Dotted across the country are places where health is up
front in community planning and policy. In Hernando,Mississippi,
a creative partnership between the city and a local bank has launched a plan to
turn foreclosed land into 37 acres of green space, with playgrounds and walking
and biking paths. The town has also made low-cost policy changes–joint-use
agreements that allow sharing of school gyms and playgrounds when schools are
not using them, establishing bike lanes, and enacting no-smoking laws. In Cincinnati, Ohio,
collaboration between the police department and
volunteer organizations to clean up high-crime neighborhoods by creating green spaces, enhancing lighting, and
adding benches and trash cans resulted in a 22 percent
reduction in crimes including murder, rape, and robbery. Drops in crime mean
increased opportunities for community residents to pursue healthier lifestyles.

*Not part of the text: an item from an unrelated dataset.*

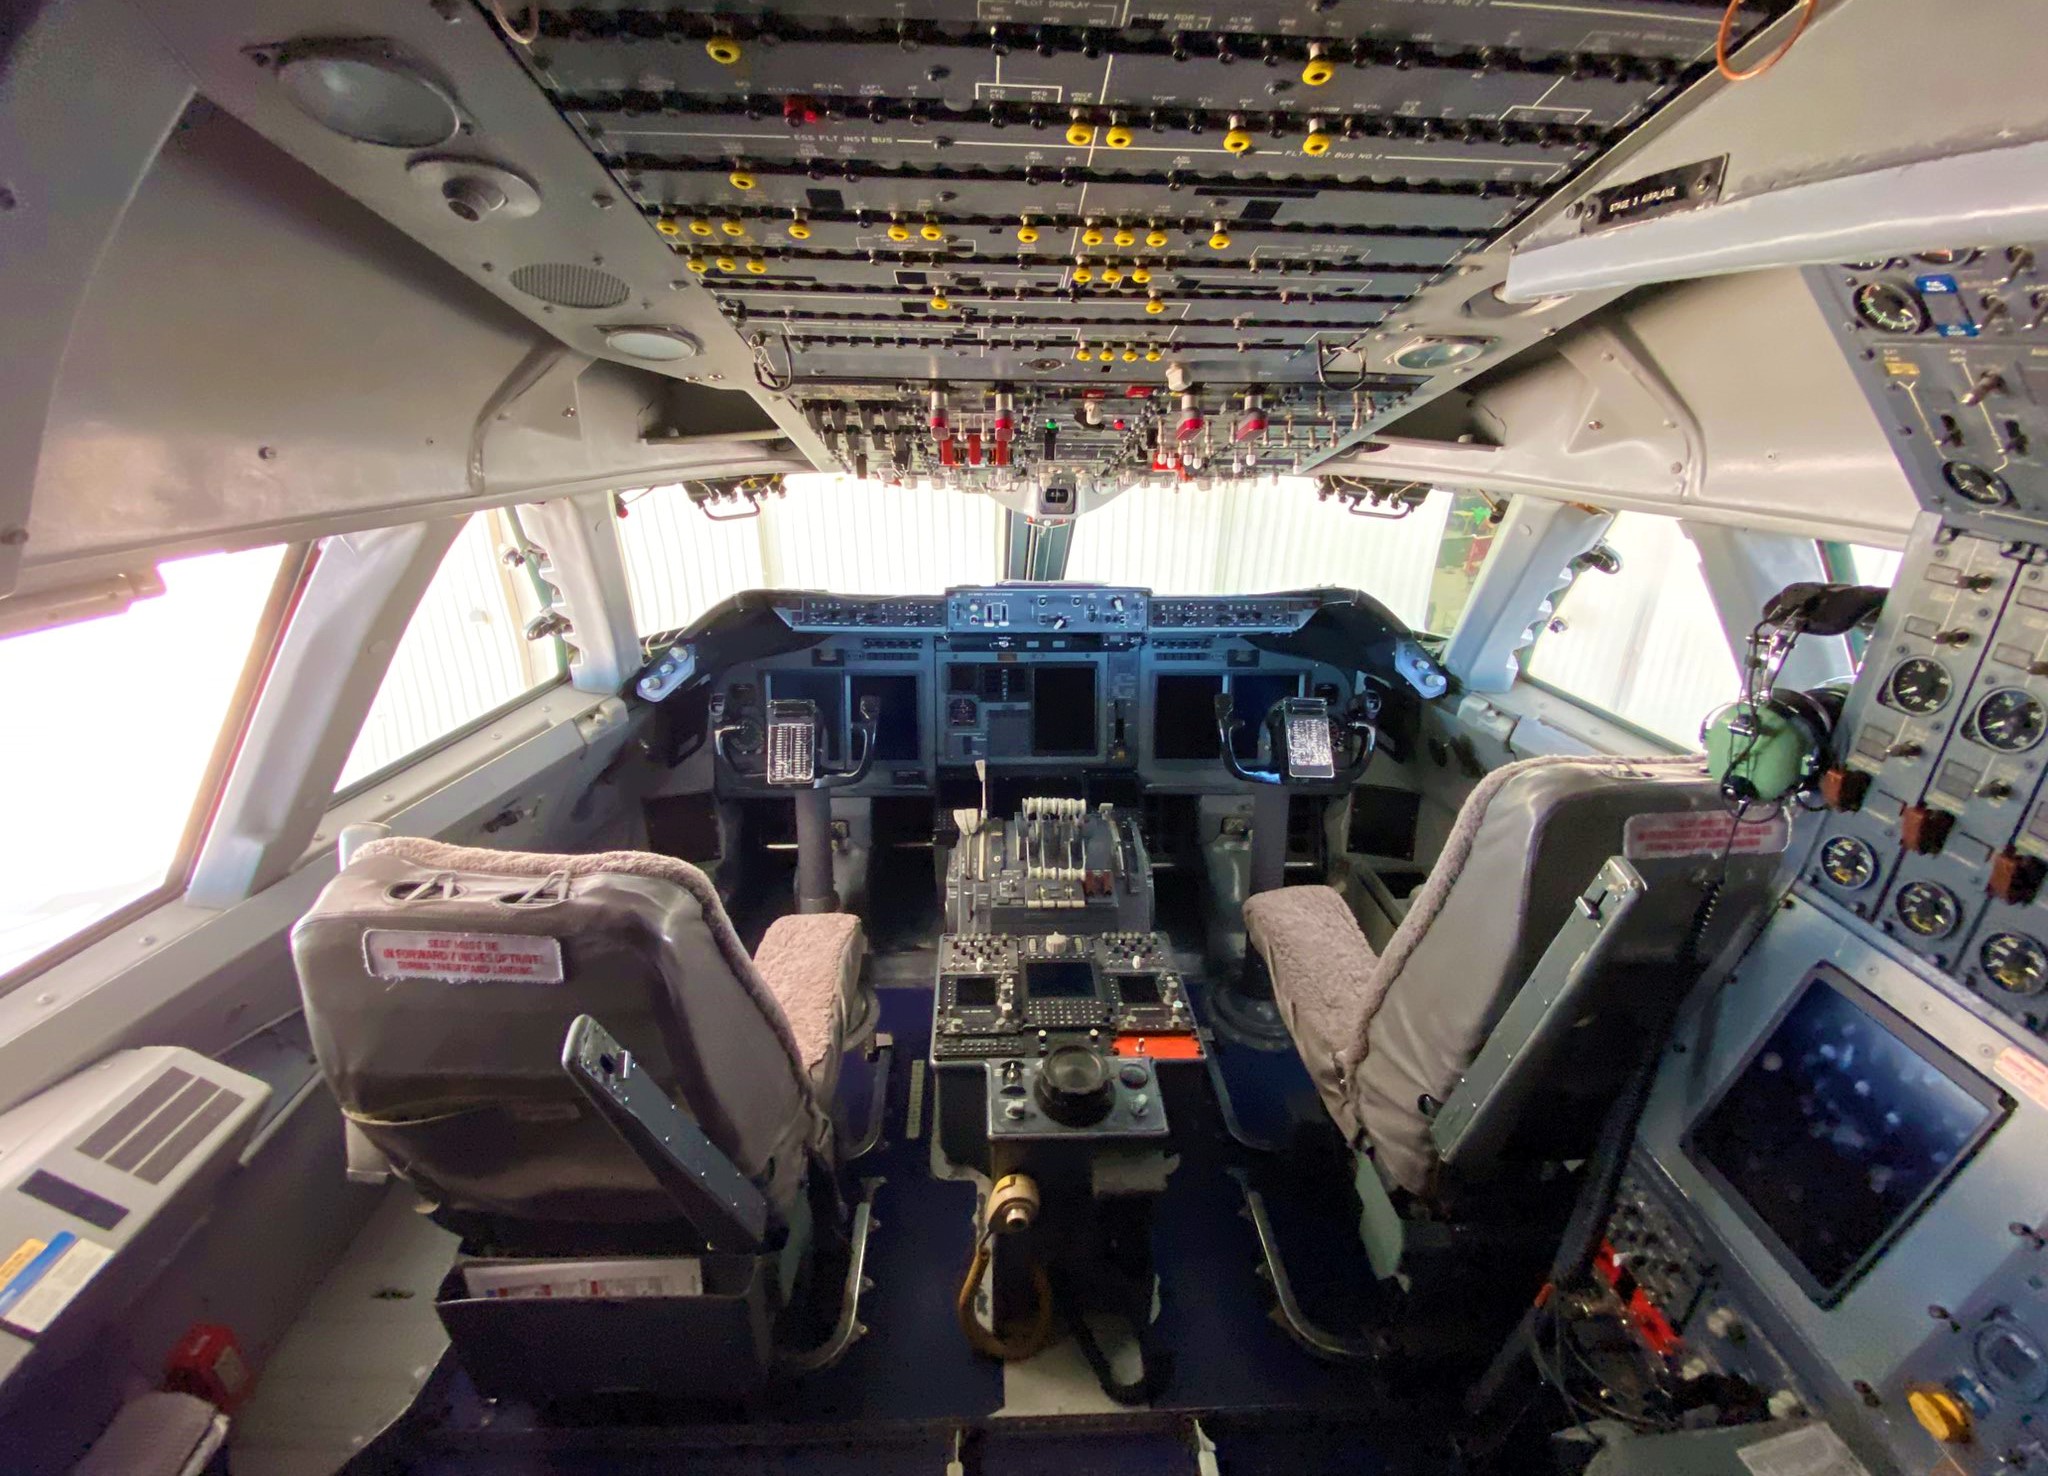  Federal Aviation Administration wants a secondary barrier on the flight deck of new commercial airplanes to ensure the safety of aircraft and occupants.

Looking at communities through a health lens, there
are many affordable, cost-saving changes that can be made through tax
credits, loan incentives, small municipal investments, and policy changes
including in zoning and building codes.
States
can make a difference too: in North
Carolina, state law requires that any land purchased
or leased with state funds include public bike and pedestrian access.Washington State‘s Growth Management Act requires that comprehensive county and city plans address pedestrian and bike access and free or low-cost
recreational opportunities.
Access to high-quality health care is essential to improving
health in the U.S.
But equally essential is a change in the way we structure our communities. As Dr. Bill Paul, Director of Health for Nashville/Davidson
County, Tennessee puts it: “It’s about weaving opportunities for
healthy living into the fabric of the city. The vision is that a healthy city
is a more livable city where employers want to locate and where employees can
stay healthy.”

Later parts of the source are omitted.